Sounds like exactly what they describe.

Weirdly (or maybe not-so-weirdly, as they have different tunes and only the autos are recalled, I suppose), I've never smelled a thing on my MT - and I usually run 89 unless it's the middle of summer.

I occasionally do high (5-6K) RPM pulls to dart across traffic, at which point it promptly winds down. I've done the same on long highway uphills to get around slow-moving traffic and never noticed, either.


----------



## spacedout (Dec 7, 2010)

Just made my appointment, my car goes in Friday for a trans fluid change and to get this recall done. 

Side note: using one of the many dealer coupons I get in the mail, the trans fluid service is only $110 and they are giving me a loaner. I can drop the car off Thursday night or Friday morning and pick up the loaner, the work should only take a couple hours..... LOVE how great my dealers service department is!!!!


----------



## JerTM (Dec 12, 2014)

I have put roughly 1k miles, elevations from 4.6k to 6.4k feet, temperatures ranging from 30F to 80F. I put roughly 100 miles a day on mine for my commute. So, yes I can without a doubt verify that NOTHING perceivable has changed with the way my Cruze runs since the update. I'm sure you'll have something to say about it, but I am a GM tech. I programmed my ECM with the current updated software before the official recall notice was released. Those are the facts, like it or not, the recall has done nothing to nerf the Cruze.


----------



## ChevyGuy (Dec 13, 2014)

Daisy81 said:


> GM avoids saying exactly what the ramifications are. They wouldn't feel the need to apply strong arm tactics if the performance of the vehicle wasn't affected.


It could be because the government is using strong-arm tactics on them. But I'm seeing a suggestion that this could affect the life span of the cat. That would concern GM as well as suggest why the government might be leaning on them.


----------



## JerTM (Dec 12, 2014)

That is possible, but only time will tell if that is the case. I would think GM would step up to take care of the cat issue if it does turn into an issue. I am seeing a lot of special policies extending the coverage of know failures in vehicles recently. Something old GM never did.


----------



## getincrumpdup (Jan 12, 2015)

anyone taken their car in for this recall yet 

N140801 reprogram engine control module? whats this all about it claims its an emissions recall at highway speeds. what exactly are the scientists at chevy doing to our cars on this recall? lol that's all i want to know is details pros and cons thanks any help is great!


----------



## BlkGrnetRS (Jul 21, 2013)

getincrumpdup said:


> anyone taken their car in for this recall yet
> 
> N140801 reprogram engine control module? whats this all about it claims its an emissions recall at highway speeds. what exactly are the scientists at chevy doing to our cars on this recall? lol that's all i want to know is details pros and cons thanks any help is great!

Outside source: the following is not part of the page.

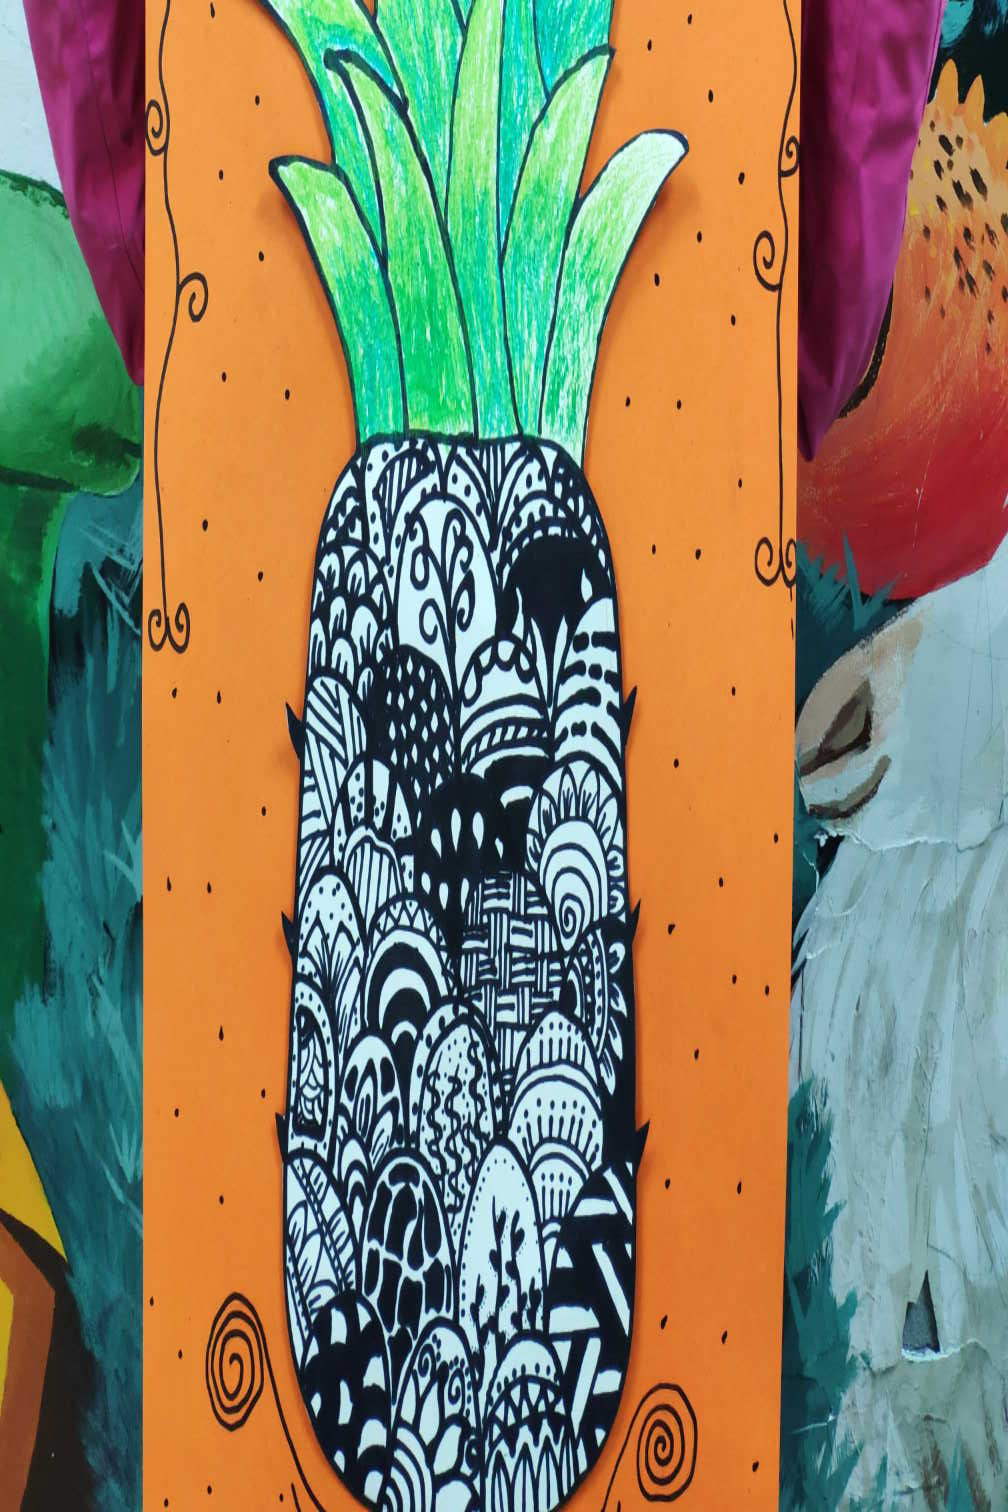 少儿美术:菠萝主题创意线描作品

Lol no offense dude but that is what this whole thread is about. I know 12 pages is a lot to read but the answers to your questions are all there


----------



## BadBowtie (Apr 18, 2015)

Hi everyone...."New Guy to the forums"
Just spoke with a Chevy Dealer here, (N.E. Ohio area), about any "software" updates for my 2012 Cruze LT.
Previously I noticed in the forum a post that mentioned a "humming" noise from engine compartment after shutting off the engine when using the AC.
I checked it out on my Cruze,..sure enough,..it happened to mine !! A software update is needed to remedy this.
So after inquiring the Dealer about it,he mentions the ECM emission update "recall" and adds that "It will take about 45 minutes to do and will update the ECM with ALL software updates available."....not just the emissions.
So I'm assuming that the "Reprogamming" (or flashing as some call it) of the ECM will bring it up-to-date with all software enhancements or fixes that there are. Can I trust this ?? 
Any thoughts or feedback on this information ???? :th_coolio:


----------



## theburro (Apr 7, 2013)

Took my '13 in for this. Took them an hour total. Car drives just like it did before. Drove it around all day.


----------



## spacedout (Dec 7, 2010)

theburro said:


> Took my '13 in for this. Took them an hour total. Car drives just like it did before. Drove it around all day.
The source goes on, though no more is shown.